The foundation’s role is not to specialise in one domain, but to operate as a command layer that sees multiple realities simultaneously. This is why no single‑domain approach can follow where we lead.
Immediate Action Plan (High‑Level)
Our near‑term focus is tangible, open‑source artifacts that the community can run and build upon. Detailed milestones, timelines, and resource allocations are maintained in separate technical roadmaps and proposal documents.
- Software‑first development – Continue refining the compiler, runtime, and open format. Keep the codebase modular and clean.
- Select open‑hardware targets – Choose one or more RISC‑V platforms (e.g., with safety and vector capabilities) for initial validation. The final selection will balance community adoption, verifiability, and resource constraints.

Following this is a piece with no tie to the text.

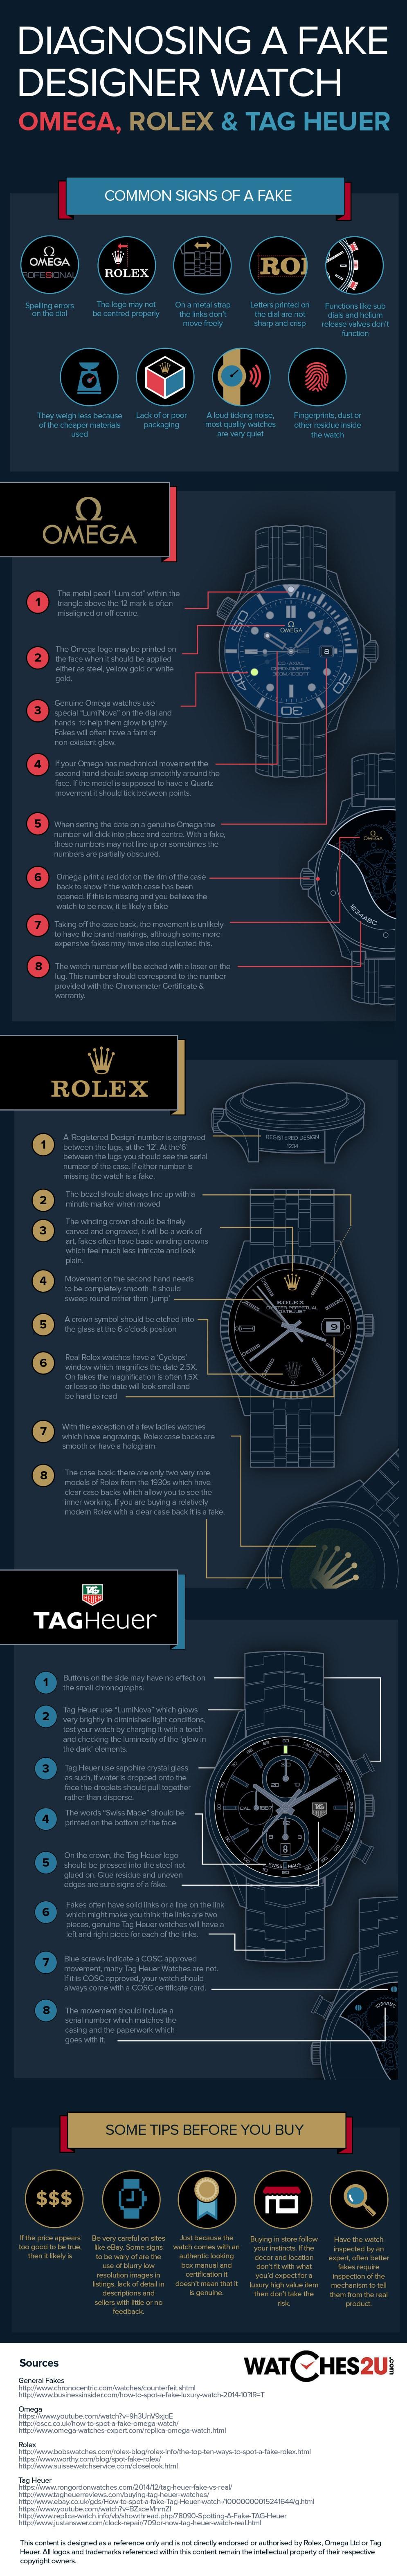 Spotting fałszywy Rolex, Omega lub TAG Heuer Watch, infografikę

- Iterative prototyping – Move from simulation to FPGA prototypes, demonstrating the model on real examples (e.g., vector addition, graph algorithms).
- Publish open‑source tools – Release the full stack with clear documentation. A working demonstration carries more weight than extensive whitepapers.
Community Engagement (Regional)
We will engage with open‑hardware ecosystems across regions – Asia‑Pacific, Europe, North America, the Middle East – adapting our message to local interests (rapid prototyping, formal verification, integration with existing foundations, joint research tracks). Each engagement will be guided by technical substance and mutual benefit.
Partnership Without Dependency
We seek collaborators, not only patrons. We offer a novel way to program open hardware – a software stack already functional in simulation. We look for partners to help validate it on real silicon. Partnerships will grow organically from technical alignment, not application forms.
Licensing Compatibility
Our code is licensed under Apache 2.0, aligning with open‑hardware norms (Solderpad/Apache). This removes legal friction, making integration easier. (For the whitepaper and certain content, a CC BY‑NC‑ND license is used – this will be reviewed for long‑term ecosystem compatibility as the project matures.)
Resource Sustainability
We will pursue micro‑grants and bounties for specific milestones, prioritise in‑kind support (FPGA cloud access, engineering time), and maintain a lean operational model to bridge initial prototyping independently.
Long‑Term Vision and Success Metrics
Goal: Establish a new computational foundation where structure is the primitive, expressed through open‑source software and eventually adopted by hardware designers.
- Short term – A working prototype on open hardware, with independent teams running our simulator and at least one joint technical publication.
- Medium term – Demonstrate measurable efficiency gains on AI/graph workloads compared to traditional stacks on the same hardware.
- Long term – Contribute to standardisation (e.g., RISC‑V extensions, open format specifications) with reference implementations for global adoption.
Success is measured by adoption, not grant size. If future core designers consider “structural observation” natural, and developers reach for the open format to describe computational structure – we succeed.
Conclusion
The global momentum around open instruction set architectures offers a unique opportunity to embed SSCCS into a living ecosystem where new hardware is being built. By focusing on direct technical engagement with hardware designers and system builders, we turn our foundational nature into our primary asset.
We will approach each region with respect, seeking win‑win relationships with partners willing to engage seriously with our nascent idea. The immediate goal is not to write another proposal, but to produce a tangible, open‑source artifact that the community can see, run, and build upon.